When it comes time to procure the finest vixen in the land, the “traveling” bits are entirely effects free. There are no bright neon lights or pin wheeled wormholes, a directorial decision of “less is more” that works wonders within the foundation of the story. Unlike many plots involving time travel, About Time doesn’t spend too much time establishing the guidelines for the time travel sandbox, but it does play by its own set of rules. But rather than getting convoluted in the details of time travel’s idiosyncrasies, the rules here are simple: your actions can change the events of the past so 1) You can only travel to points and places in time that you’ve already been to before (i.e. no peeking into the future and no going back and killing Hitler) 2) Don’t alter any event before the birth of your child (different sperm, different baby) 3) Realize that there’s some things that time travel can’t fix. Some things just need to be accepted or learned through the arduous journey that is life.

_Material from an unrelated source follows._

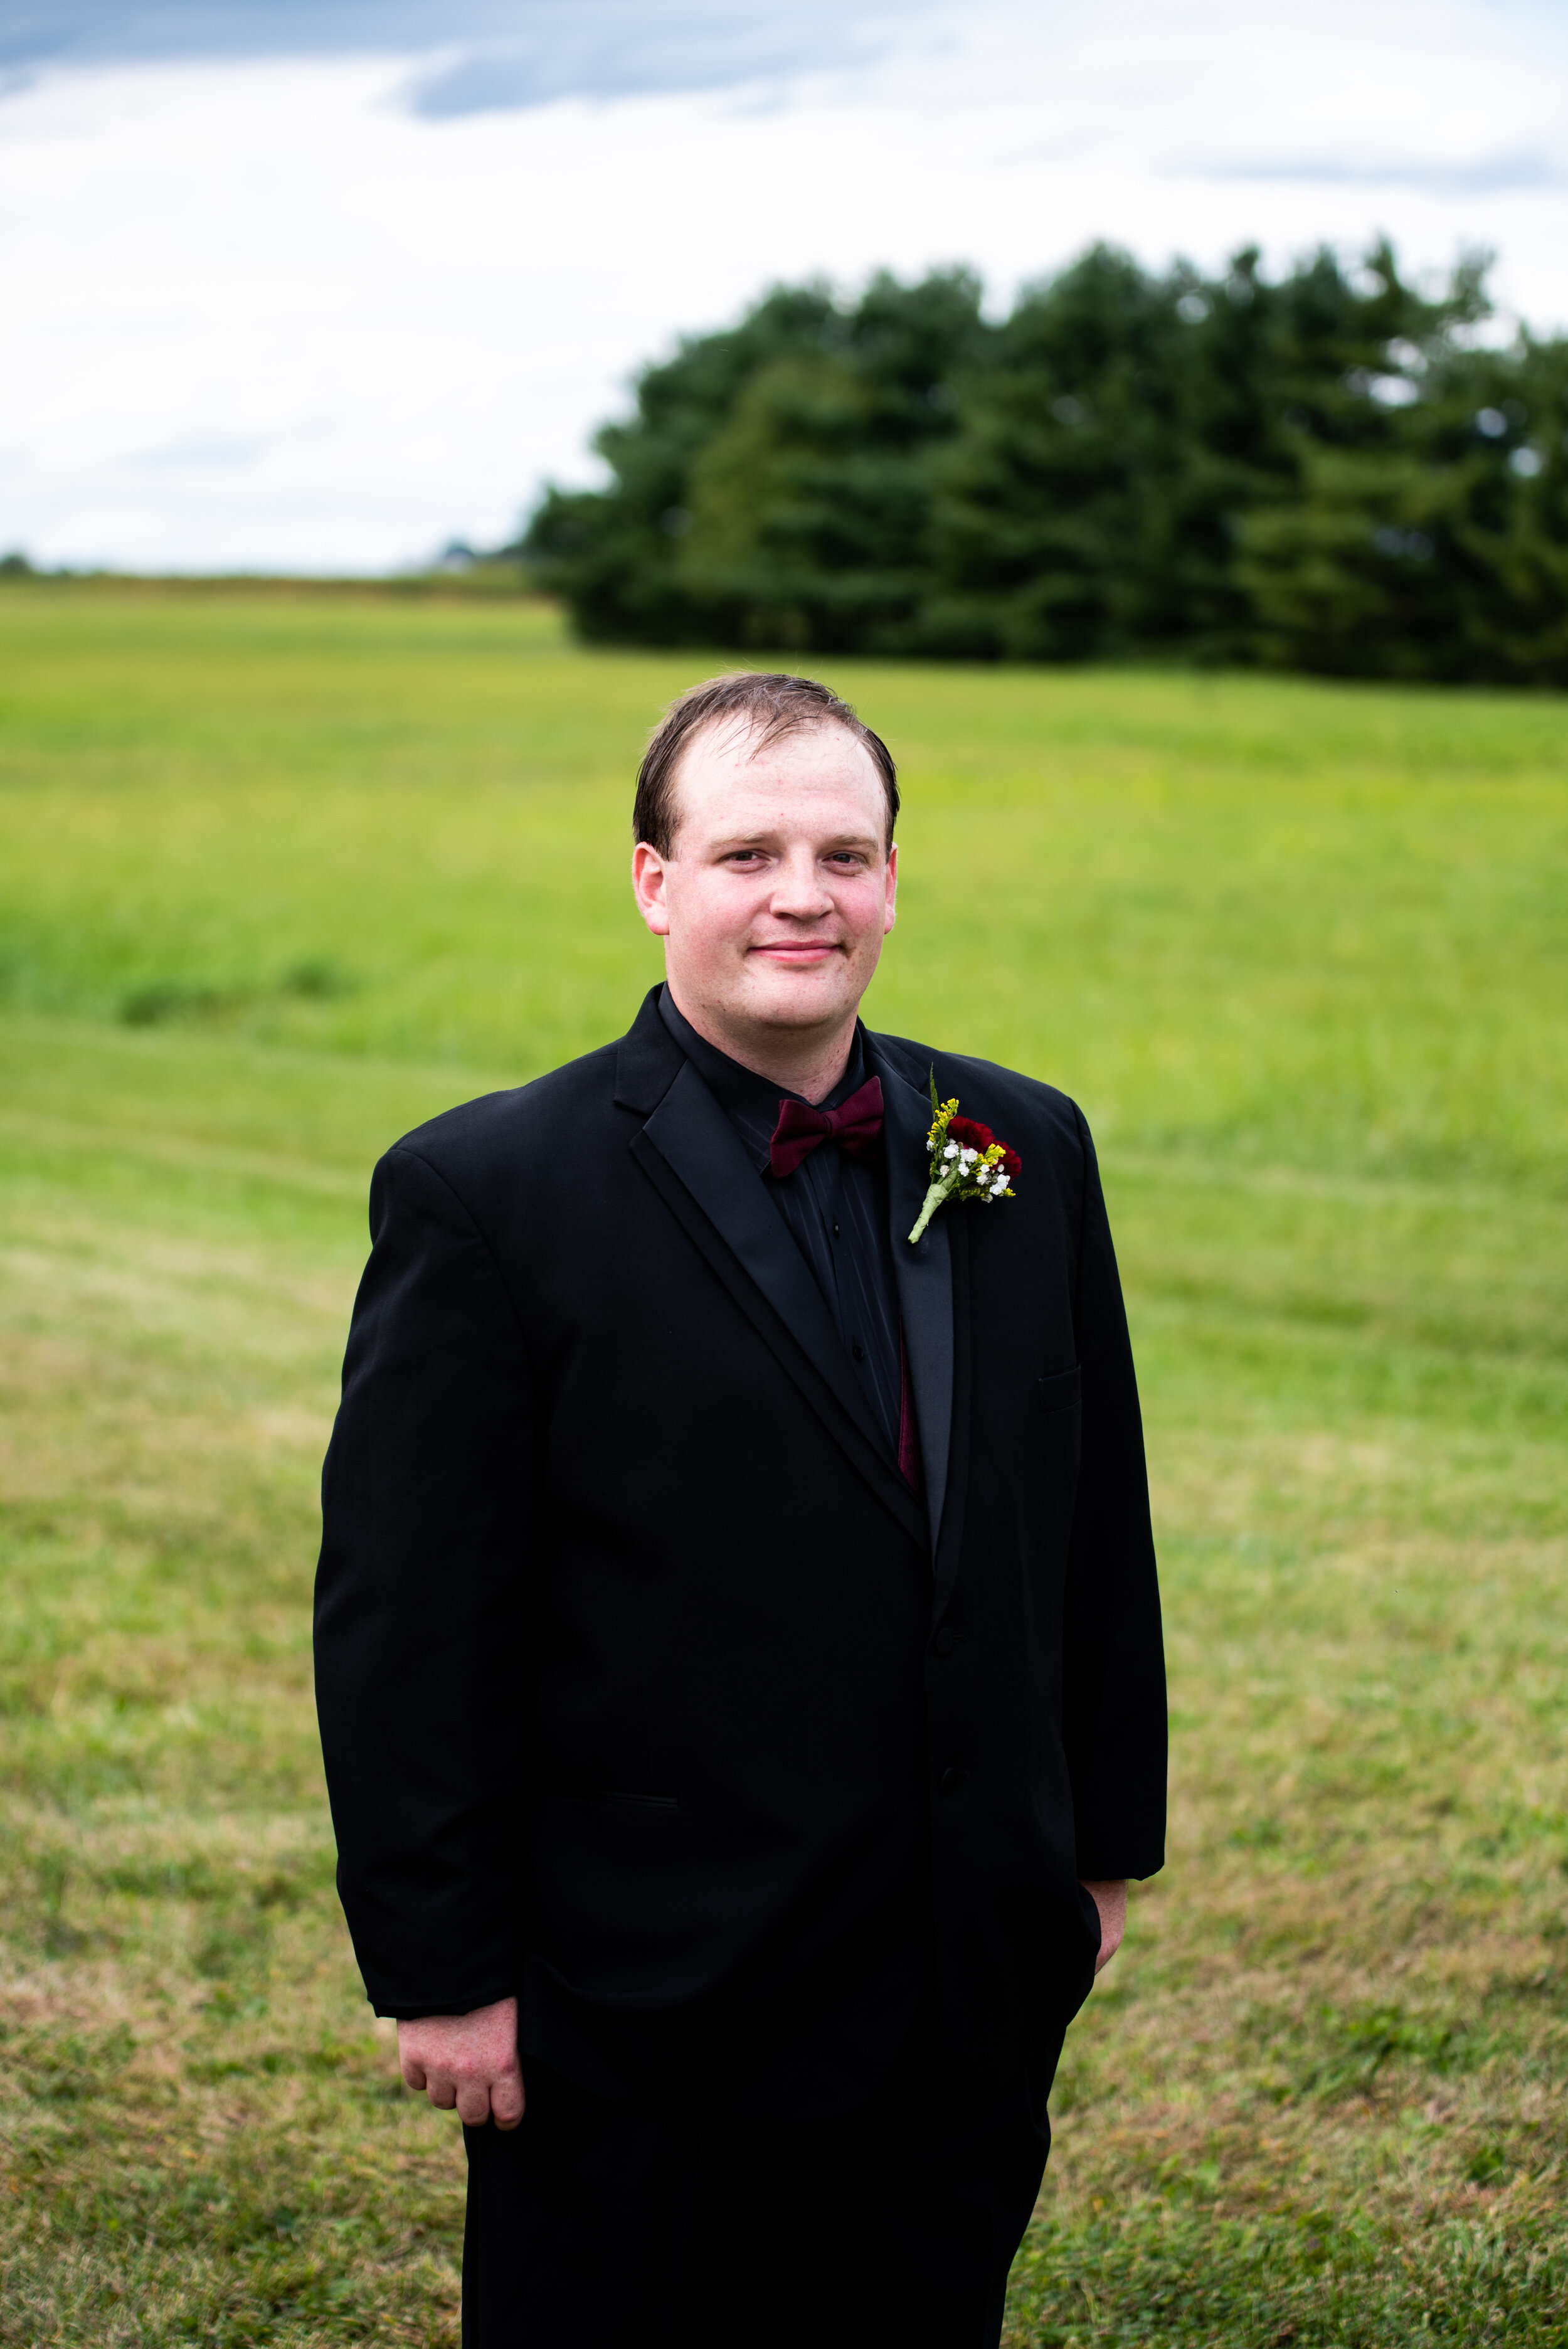 wedding (52 of 205).jpg

As much as nitpicky drones love their plot-hole-seeking pastime, any attempt to dissect and discredit the functionality of the time travel here is moot because, well, its pretty rock solid. However hokey a time-jumping premise sounds in the midst of a love story, it’s used to surprisingly compelling effect and is far more nuanced and well-mannered than you might otherwise expect. And even though it’s there, time travel really isn’t what About Time is about. Rather, it uses the fantasy to tap into emotional reality.
Rather than use his time-traveling talent for typical teenage debauchery, Tim saves his ability as a last ditch effort of sorts, only used to better the circumstances of those around him, to avoid the unpleasantries that tend to pop their head up when least expected, and most importantly, to revisit the best days of his life. About Time ponders the idea that we can live life to the fullest not because of magical abilities but, perhaps, in spite of them.
As for the romance at the center of the film, Rachel McAdams flirts with a new kind of woman- a mousey brunette, steadfast in her bookwormery and emotional reservations. It’s perhaps the least showy role she’s done and for once, she is entirely tolerable if not completely adorable. Newcomer Gleeson is equally charming, although not nearly in the traditional sense we’ve come to expect from a romantic male lead.
Bumbling, awkward and entirely orange-haired, his Tim makes up for his lack of suave with the good decision-making skills rare in a rom-com male. But the story is larger than the affable romance at its core, it’s about family; how families come together, depend on each other, and, ultimately, how parents pass the torch to their offspring. Like a good-natured Butterfly Effect, the most emotionally pungent material is unearthed in Gleeson and Nighy’s father-son relationship, so much so that, it might earn a sniffle, maybe even a tear or two from those apt to be touched by emotional films.
Regardless of its breezy premise and total lack of a bad bone in its body, this is the sparse romantic drama that totally works. Brushing off the sleazy staples of modern day rom-coms – the hunky leads, reheated man-wrong-woman, woman-wrong-man clichés, and snarky, obnoxious best friends – Richard Curtis has found something far more earnest, good intentioned and true. With an archer’s marksmanship, he manages to land a bullseye in our emotional main vein on a number of occasions. However coated with a healthy layer of rose-colored glaze, About Time is bold enough to be a nice guy amongst an army of grit and cavalier cool. This time though, nice guys don’t finish last.